From: Casey Schaufler <casey@schaufler-ca.com>
To: casey@schaufler-ca.com, paul@paul-moore.com, eparis@redhat.com,
linux-security-module@vger.kernel.org, audit@vger.kernel.org
Cc: jmorris@namei.org, serge@hallyn.com, keescook@chromium.org,
john.johansen@canonical.com, penguin-kernel@i-love.sakura.ne.jp,
stephen.smalley.work@gmail.com, linux-kernel@vger.kernel.org,
selinux@vger.kernel.org
Subject: [RFC PATCH 11/15] LSM: Infrastructure management of the mnt_opts security blob
Date: Sat, 21 Jun 2025 10:18:46 -0700 [thread overview]
Message-ID: <20250621171851.5869-12-casey@schaufler-ca.com> (raw)
In-Reply-To: <20250621171851.5869-1-casey@schaufler-ca.com>
Move management of the mnt_opts->security blob out of the
individual security modules and into the security
infrastructure.
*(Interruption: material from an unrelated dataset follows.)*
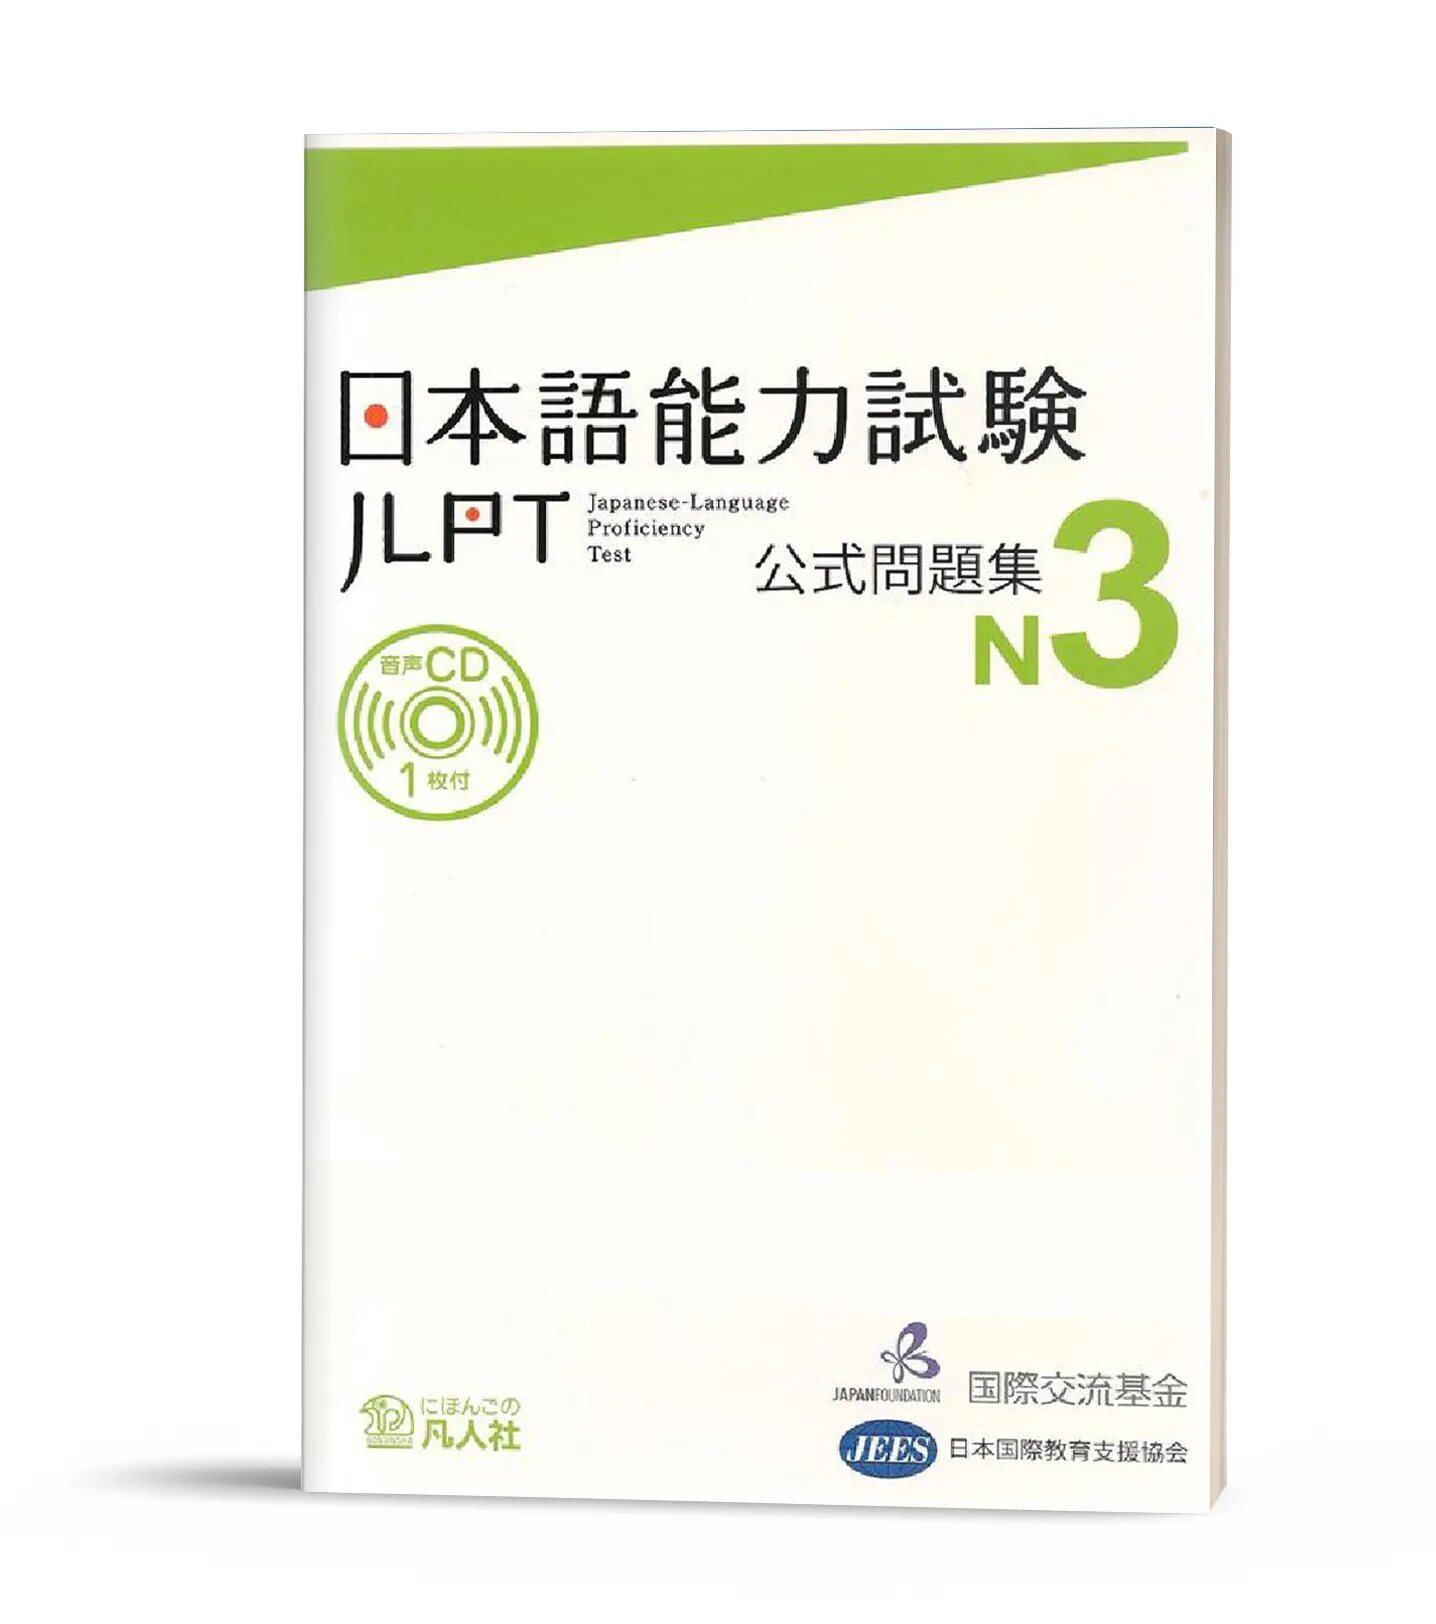 Нихонго нореку сикэн. Japanese language Proficiency Test (JLPT).. JLPT n3. Экзамена JLPT. Японский язык тест.
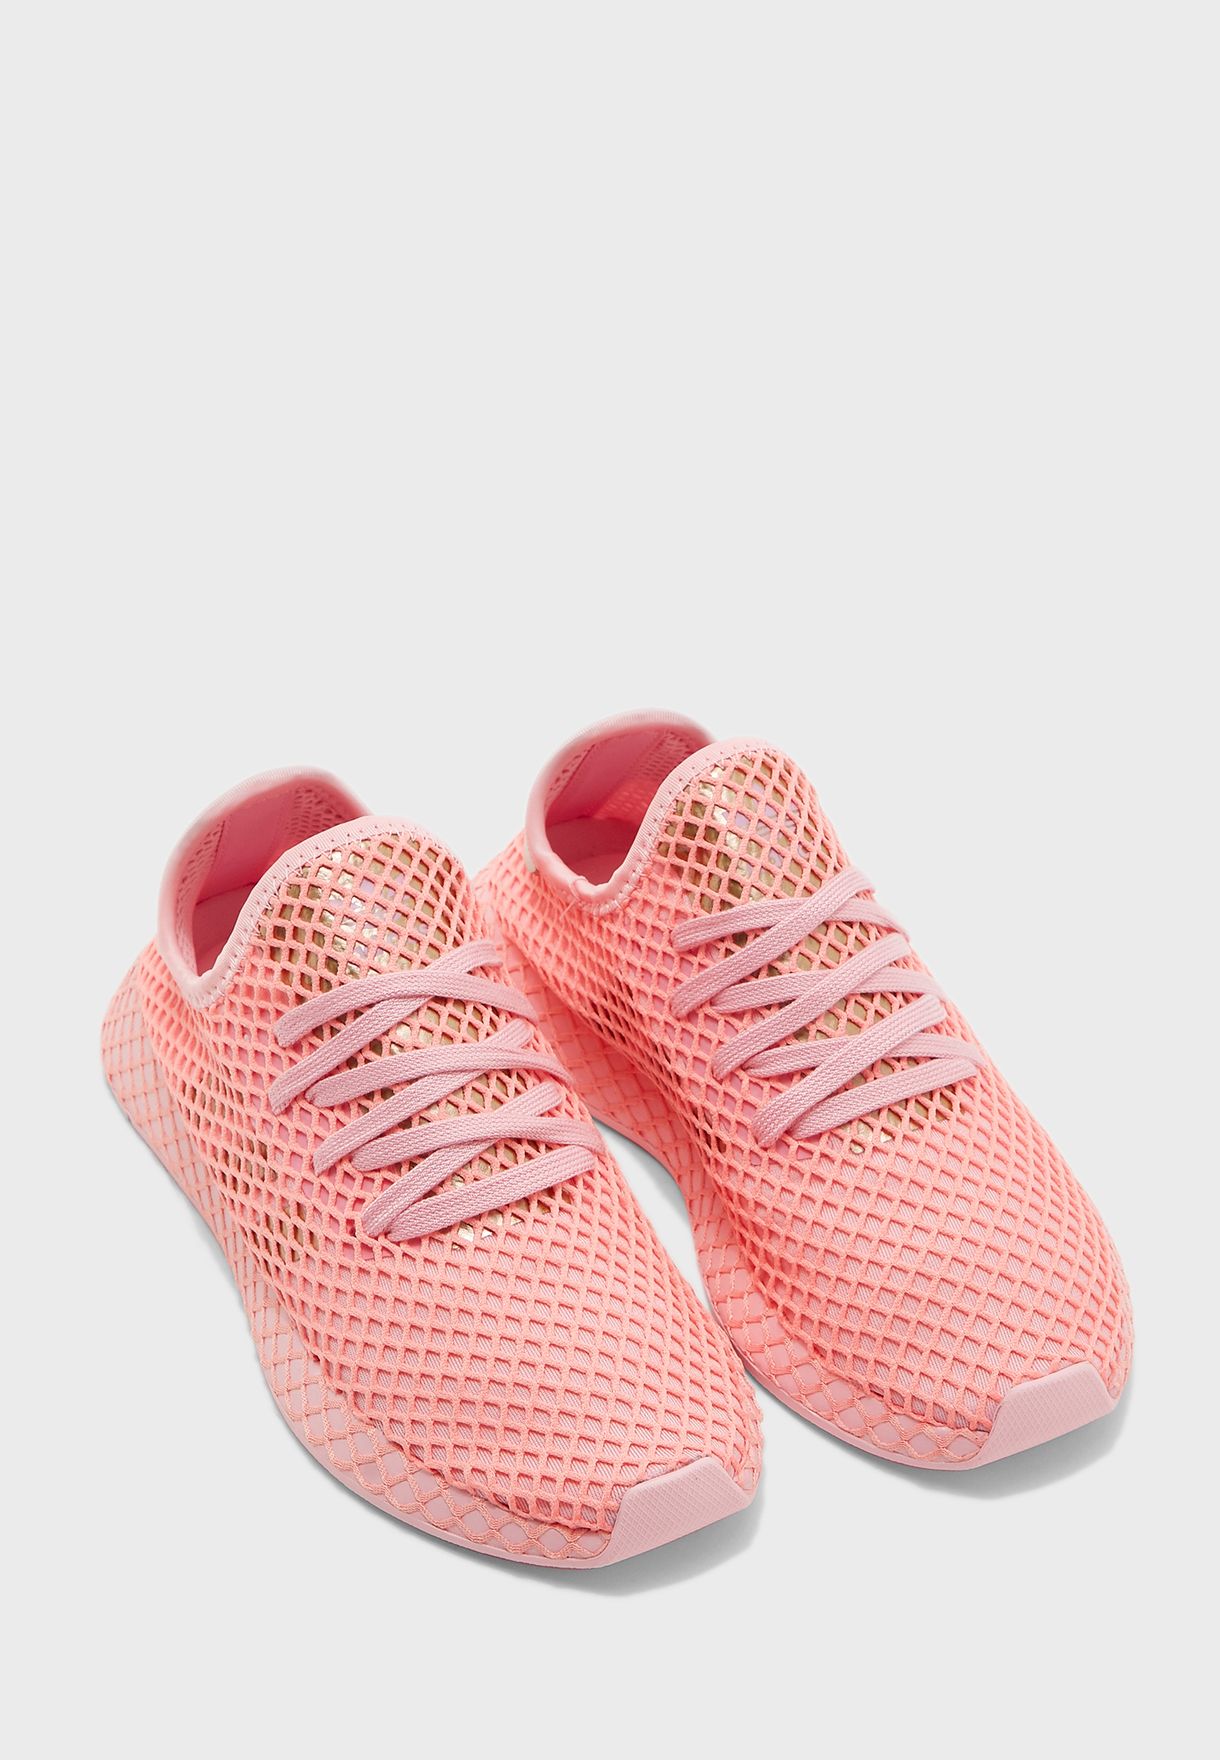 adidas deerupt runner pink

Blobs are still allocated within the modules
as they are only required when mount options are present.
The modules tell the infrastructure how much space is required,
and the space is allocated if needed. Modules can no longer
count on the presence of a blob implying that mount options
specific to that module are present, so flags are added
to the module specific blobs to indicate that this module
has options.
Signed-off-by: Casey Schaufler <casey@schaufler-ca.com>
---
security/security.c | 14 ++++-----
security/selinux/hooks.c | 58 +++++++++++++++++++++++-------------
security/smack/smack_lsm.c | 61 ++++++++++++++++++++++++++------------
3 files changed, 85 insertions(+), 48 deletions(-)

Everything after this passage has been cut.